Saving capitalism from itself…a topic for the European elections?
27 January 2014
“Capitalism is not a form of spontaneous order or the embodiment of a basic structure of human rights, but one of the great constructions of the human mind”, so says David Sainsbury, former UK Minister in the Blair Government in his book “Progressive Capitalism, how to achieve economic growth, liberty and social justice” published last year by Biteback Publishing. Inevitably, the book does not fully live up to its unrealistically ambitious title, but it makes some really important points and goes beyond putting forward a critique of what wrong, but also some constructive solutions.
Capitalism will only work if politics works. Capitalism allows resources, human and material, to be constantly allocated and reallocated in a way that meets people’s needs, as they express those needs by way of the relative price they will pay for different goods and services. Without stable money in which to set those prices, the system would not work. Money is a promise. One must have a stable political system to underpin those promises if one is to have stable money. Without order and security and laws to prevent theft, fraud and unsafe products, capitalism would collapse. Again one has to have a stable political system if these requirements are to be met.
If capitalism leads to outcomes that are socially, financially or environmentally unstable, or are perceived as grossly unfair, the stable political order on which capitalism itself rests will fail.
These are some of the things that David Sainsbury tackles in this book. He points out that:
1. In 1965, the average US CEO earned 24 times as much as the average worker. But by 2007 he earned 300 times as much. That trend is not socially sustainable.
2. UK pension funds earned a 5% return on capital between 1963 and 1999. But between 2000 and 2009, they earned only 1.1% return. That’s not financially sustainable.
3. Between 1950 and 1973, the western economies grew at twice the rate they had grown during the period from 1800 to 1950. That was not economically or environmentally sustainable. But the West built welfare states during that period on the premise that the 1950-1973 growth rates were permanent.

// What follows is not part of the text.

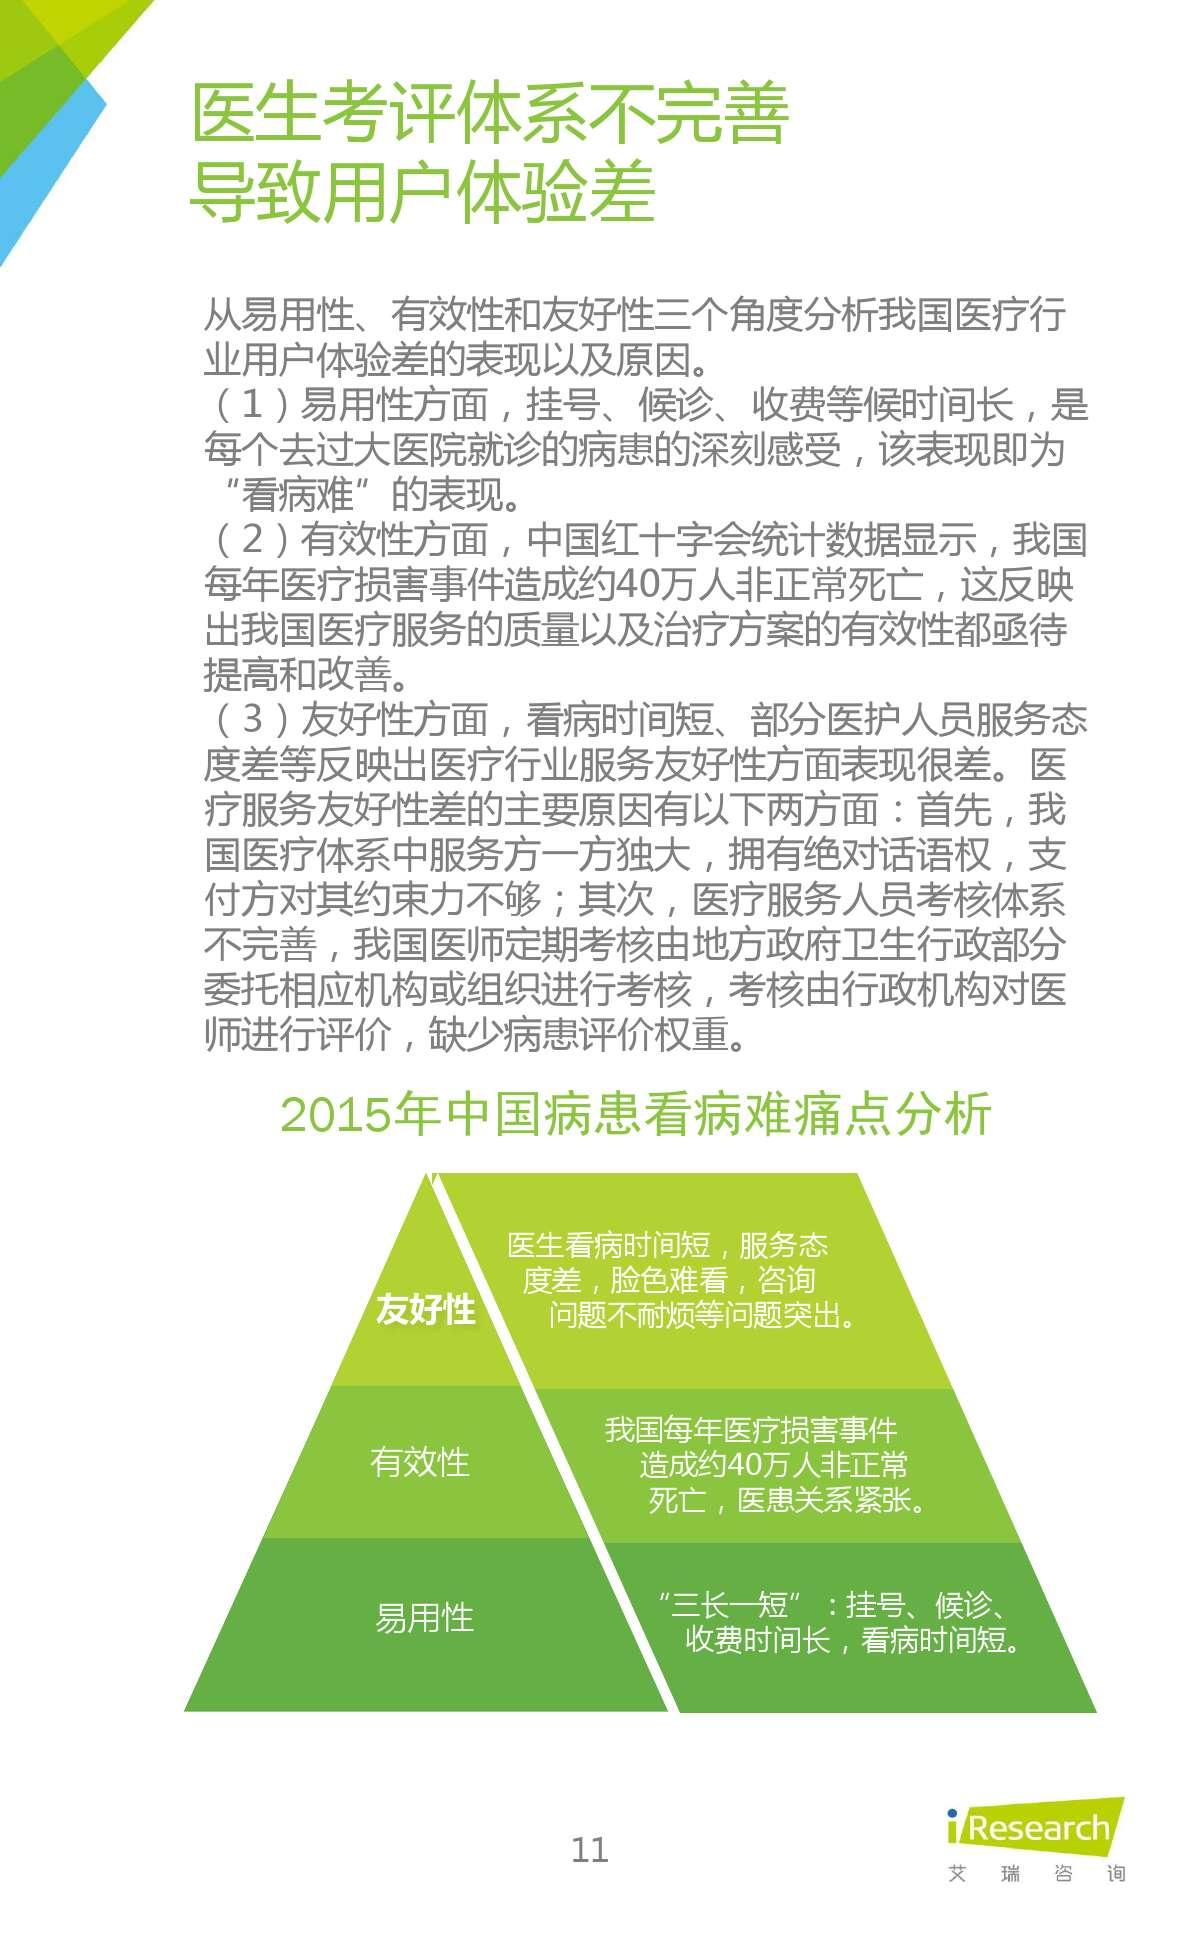 2015年中国在线问诊行业研究报告_000011

These problems can only be tackled if the rules governing capitalism are updated. Sainsbury makes some useful suggestions.
Company law and taxation should be changed to require CEO’s to be paid on the basis of longer term goals and achievements, rather that short term share price movements. Remuneration of fund managers should be restructured to reflect a similar philosophy of long term returns and stable investment strategies. The threat of takeover, to the extent to which it incentivises pursuit of purely short term share price gains, may have to be mitigated. Firms should have incentives to use scare materials like energy, water, clean air, metals and chemicals extracted from the earth sustainably and renewably. These things cannot be done by one country acting on its own. They need to be tackled at international level, in the European Union and/or between the EU and the US.
This book may not have all the answers, but it asks all the right questions. They are questions that could usefully be tackled in the forthcoming European Elections which are, after all, the only multinational elections that take place anywhere in the world.